Question

If a random variable \( X \) has the probability density function \[ f(x) = \begin{cases} \frac{5}{32}x^4 & \text{if } 0 \le x \le 2 \\ 0 & \text{otherwise} \end{cases} \] and if \( Y = X^2 \), then the expected value of \( Y \) is .................... (round off to one decimal place)

Hint:

To find the expectation of a function of a random variable, \(E[g(X)]\), you don't need to find the PDF of the new variable Y. You can directly use the formula \(E[g(X)] = \int g(x)f(x)dx\), which is usually much simpler.

Answer 1

Step 1: Understanding the Concept:
The problem asks for the expected value of a function of a random variable, \( E[Y] = E[X^2] \).
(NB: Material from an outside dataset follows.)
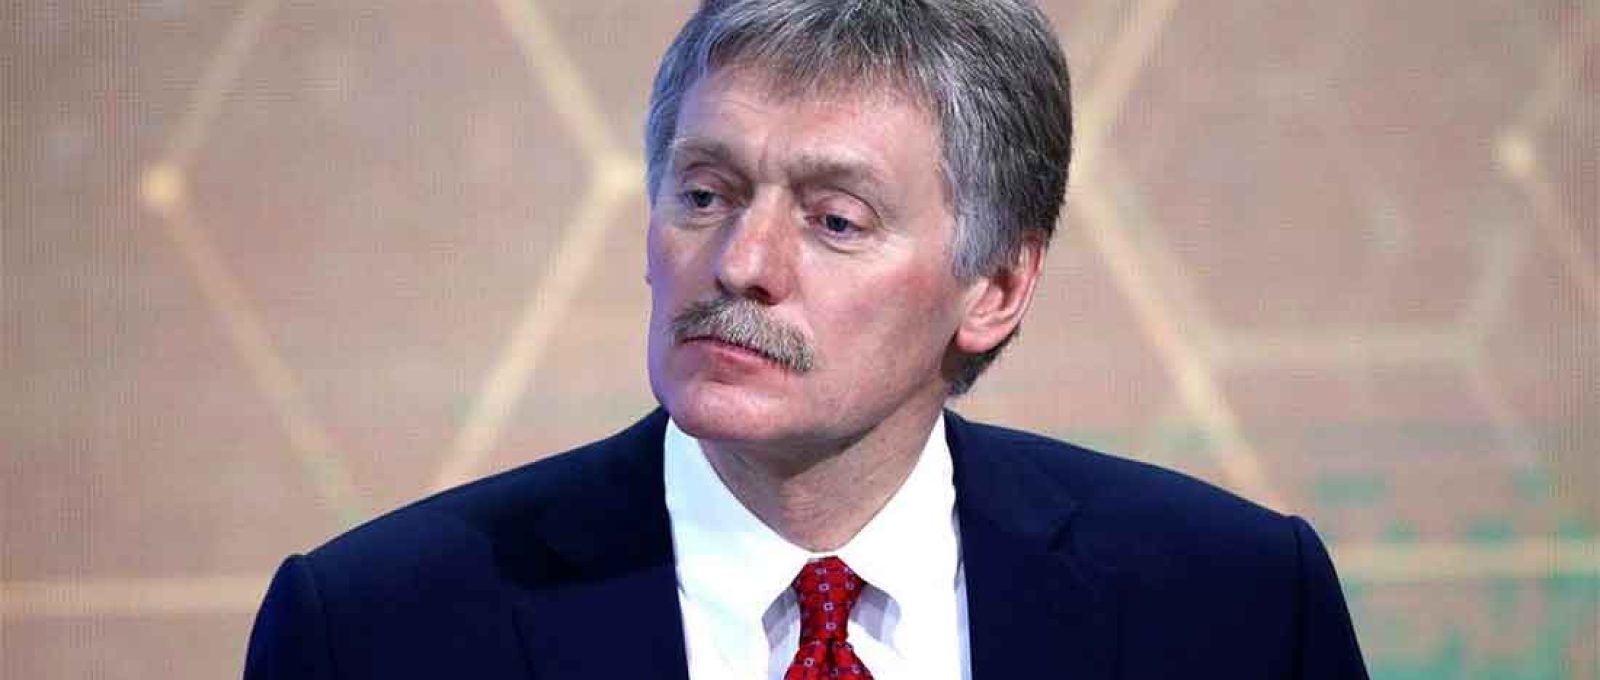 O porta-voz da presidência da Rússia, Dmitry Peskov (Foto: Sergei Bobylev/Tass).

The expected value of any function \(g(X)\) of a continuous random variable \(X\) is found by integrating the product of \(g(X)\) and the probability density function \(f(x)\) over the entire range of \(X\).
Step 2: Key Formula or Approach:
The expected value of \(Y = g(X)\) is given by the formula: \[ E[Y] = E[g(X)] = \int_{-\infty}^{\infty} g(x) f(x) \,dx \] In this problem, \(g(X) = X^2\), and the PDF \(f(x)\) is non-zero only for \(0 \le x \le 2\). So the formula becomes: \[ E[Y] = E[X^2] = \int_{0}^{2} x^2 . \left(\frac{5}{32}x^4\right) \,dx \] Step 3: Detailed Calculation:
Set up the integral: \[ E[Y] = \int_{0}^{2} \frac{5}{32}x^6 \,dx \] Pull the constant out of the integral: \[ E[Y] = \frac{5}{32} \int_{0}^{2} x^6 \,dx \] Perform the integration: \[ E[Y] = \frac{5}{32} \left[ \frac{x^7}{7} \right]_{0}^{2} \] Evaluate the integral at the limits: \[ E[Y] = \frac{5}{32} \left( \frac{2^7}{7} - \frac{0^7}{7} \right) = \frac{5}{32} \left( \frac{128}{7} \right) \] Simplify the expression: \[ E[Y] = \frac{5 \times 128}{32 \times 7} \] Since \( 128 = 4 \times 32 \), we can cancel the 32s: \[ E[Y] = \frac{5 \times 4}{7} = \frac{20}{7} \] Convert to a decimal: \[ E[Y] \approx 2.85714 \] Rounding off to one decimal place: \[ E[Y] = 2.9 \] Step 4: Final Answer:
The expected value of Y is 2.9.